### RECORDS SUPPLIED
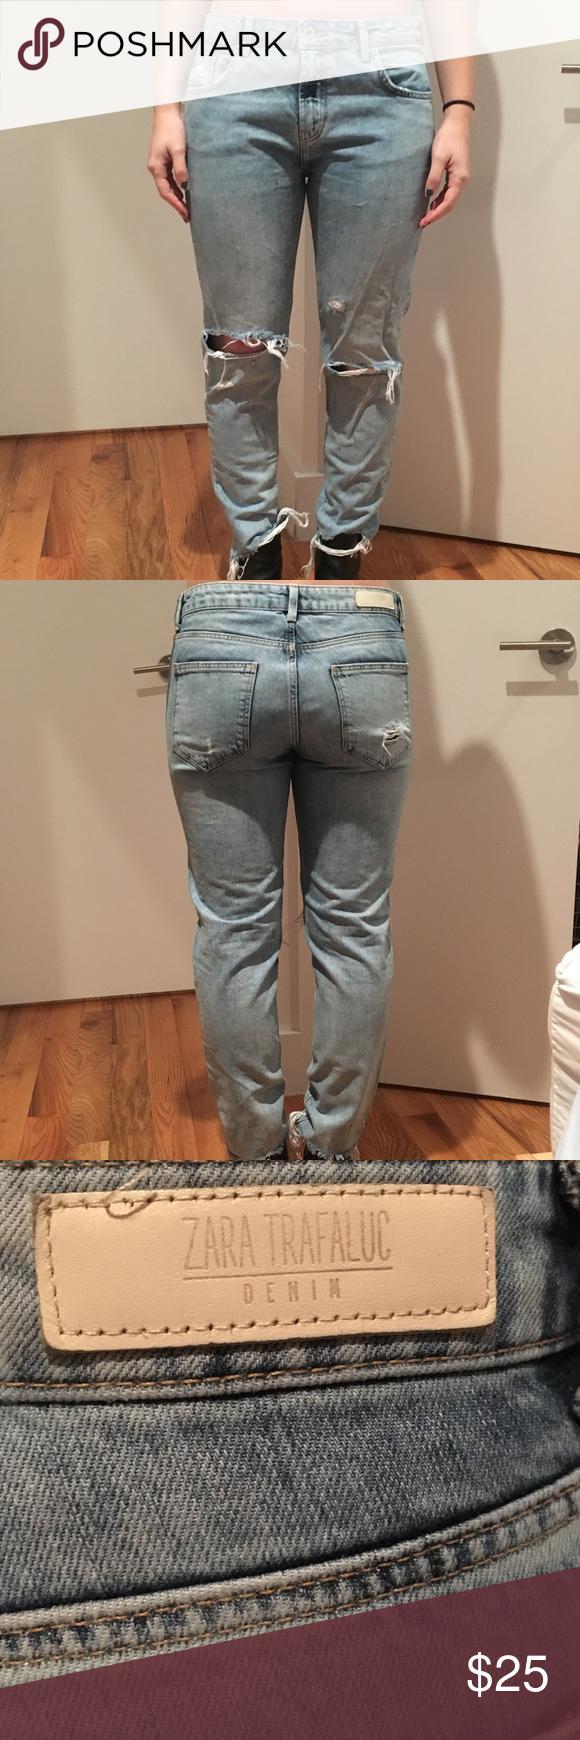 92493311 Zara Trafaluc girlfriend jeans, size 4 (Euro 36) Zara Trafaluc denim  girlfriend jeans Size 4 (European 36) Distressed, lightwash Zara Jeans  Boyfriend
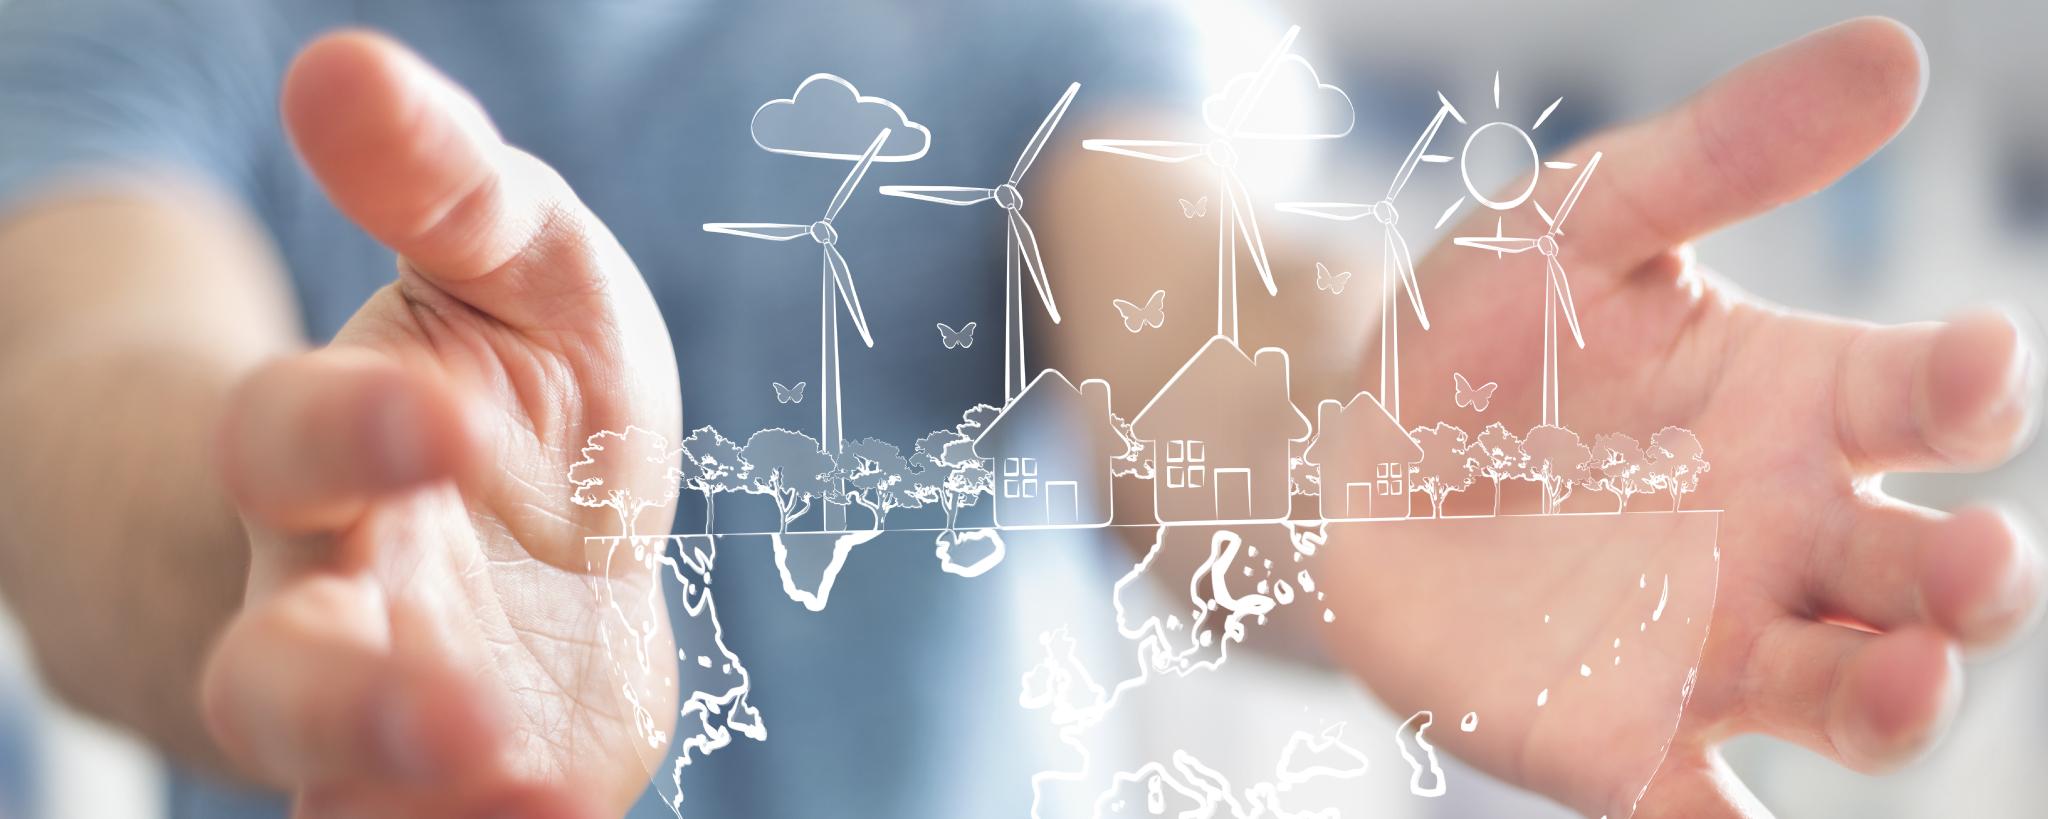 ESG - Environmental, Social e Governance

...

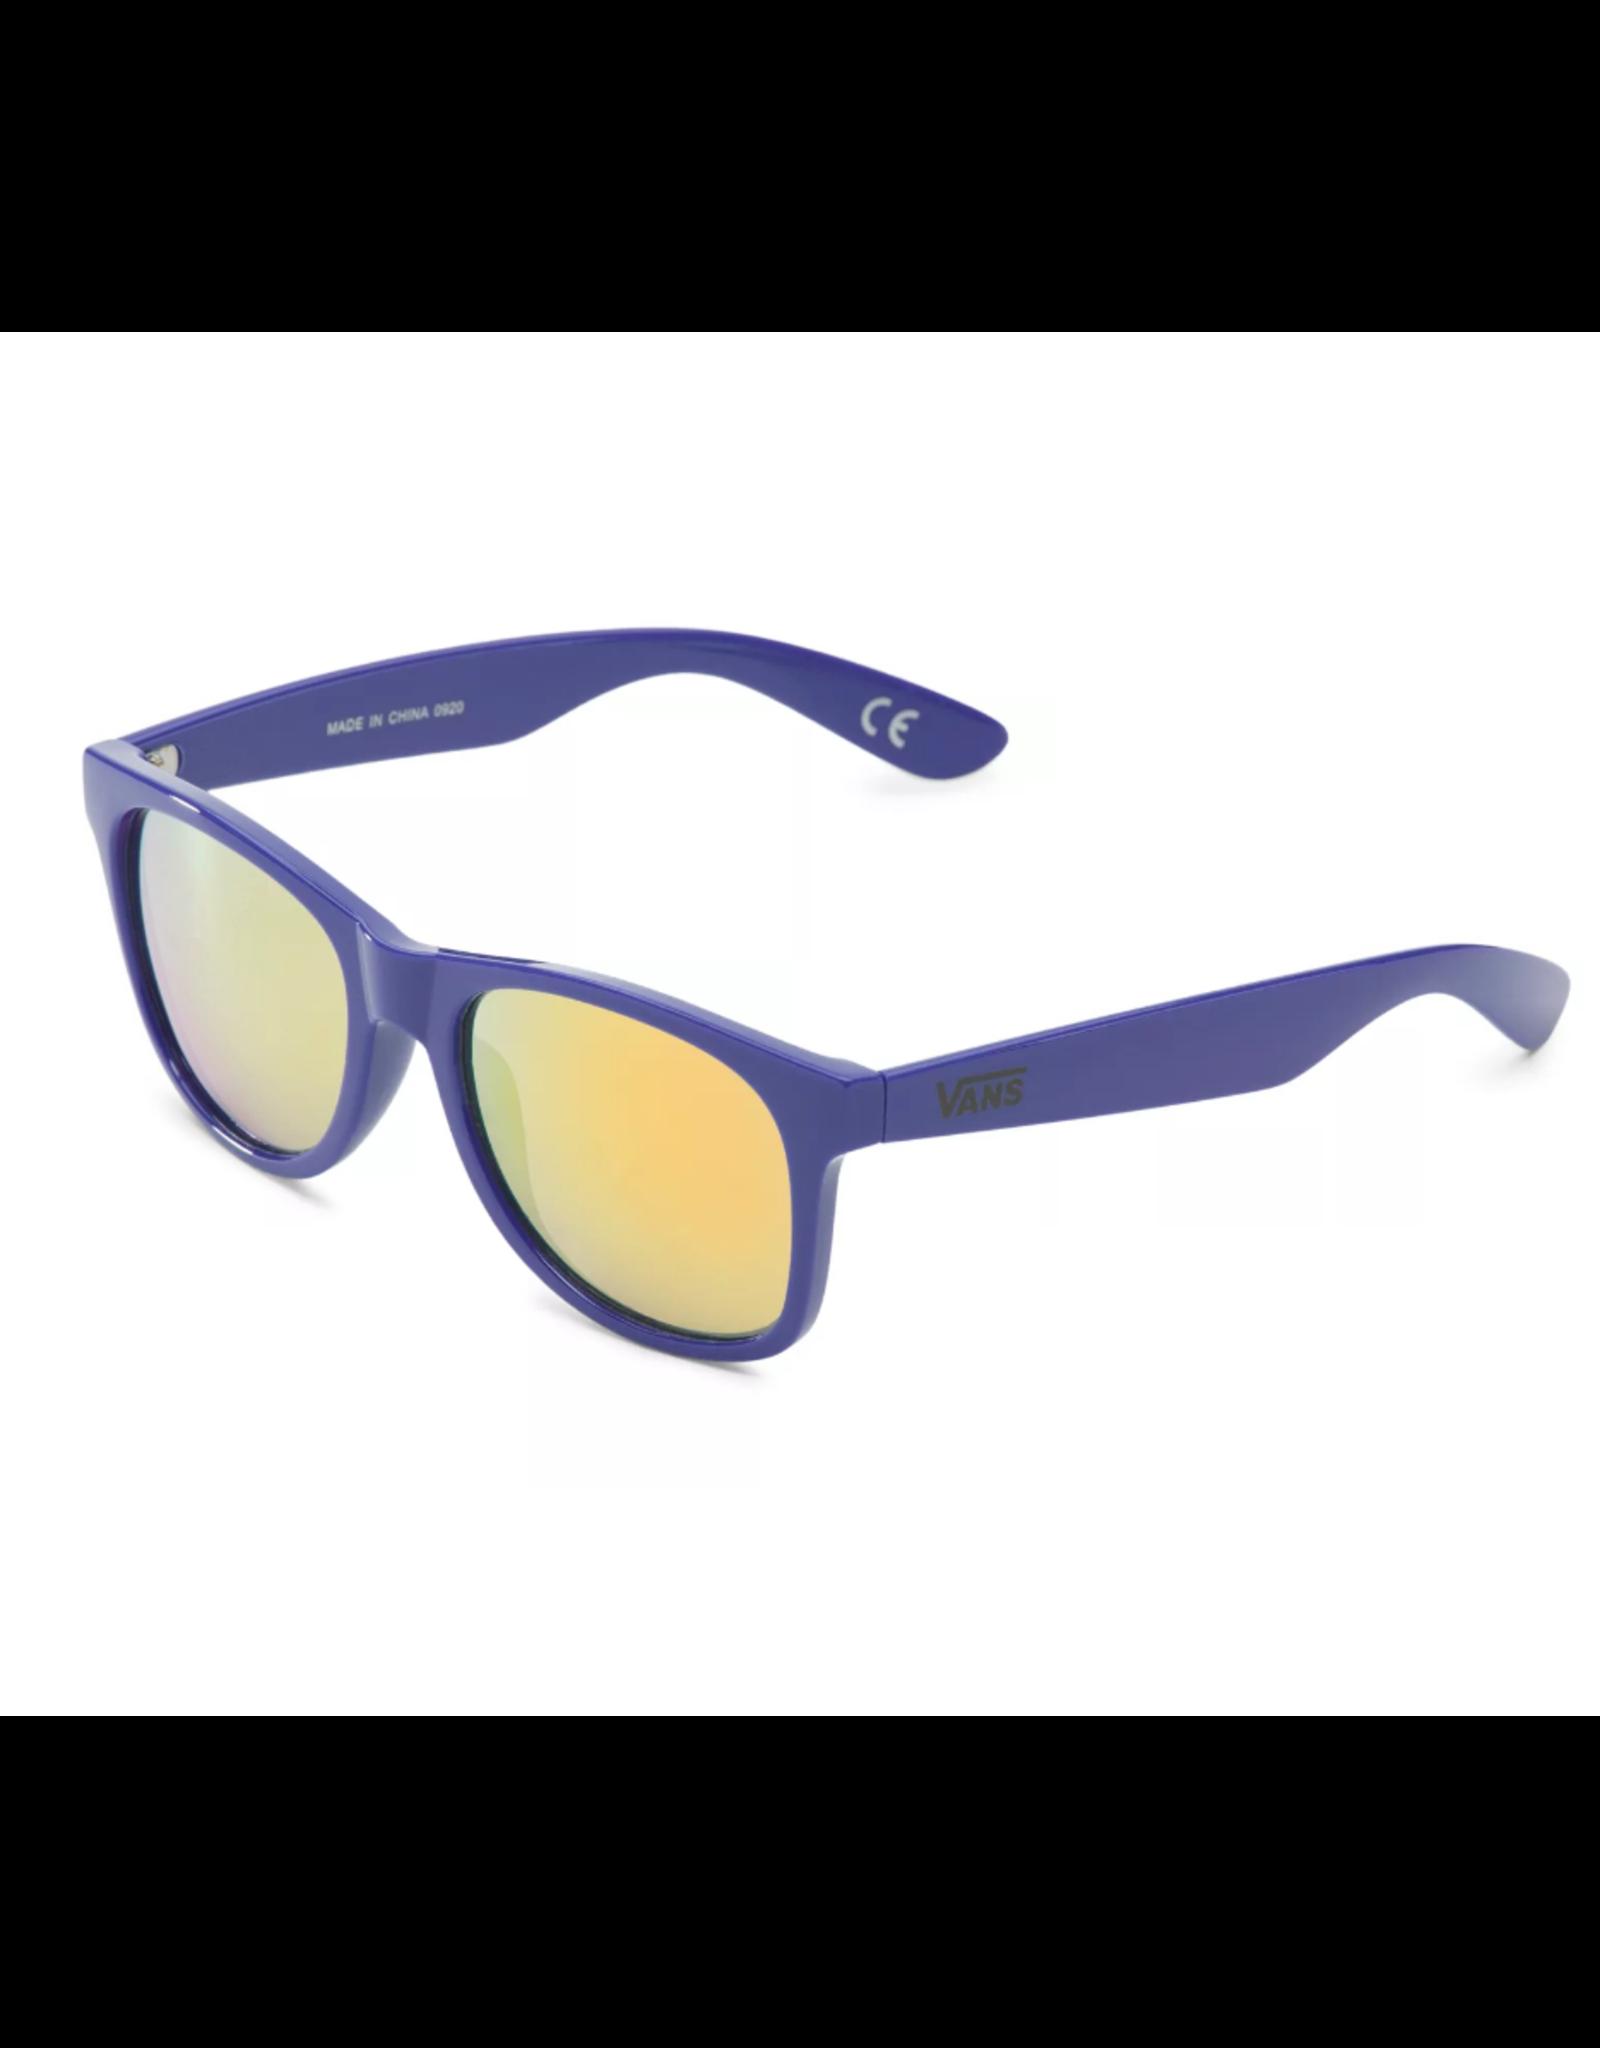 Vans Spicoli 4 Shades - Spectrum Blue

### WORK REQUIRED
Reproduce exactly the lines above starting at the line containing "92493311 Zara Trafaluc" and ending at the line containing "ESG - Environmental, Social e Governance", including both, but not the pictures.

### WRITTEN ANSWER
 92493311 Zara Trafaluc girlfriend jeans, size 4 (Euro 36) Zara Trafaluc denim  girlfriend jeans Size 4 (European 36) Distressed, lightwash Zara Jeans  Boyfriend
 ESG - Environmental, Social e Governance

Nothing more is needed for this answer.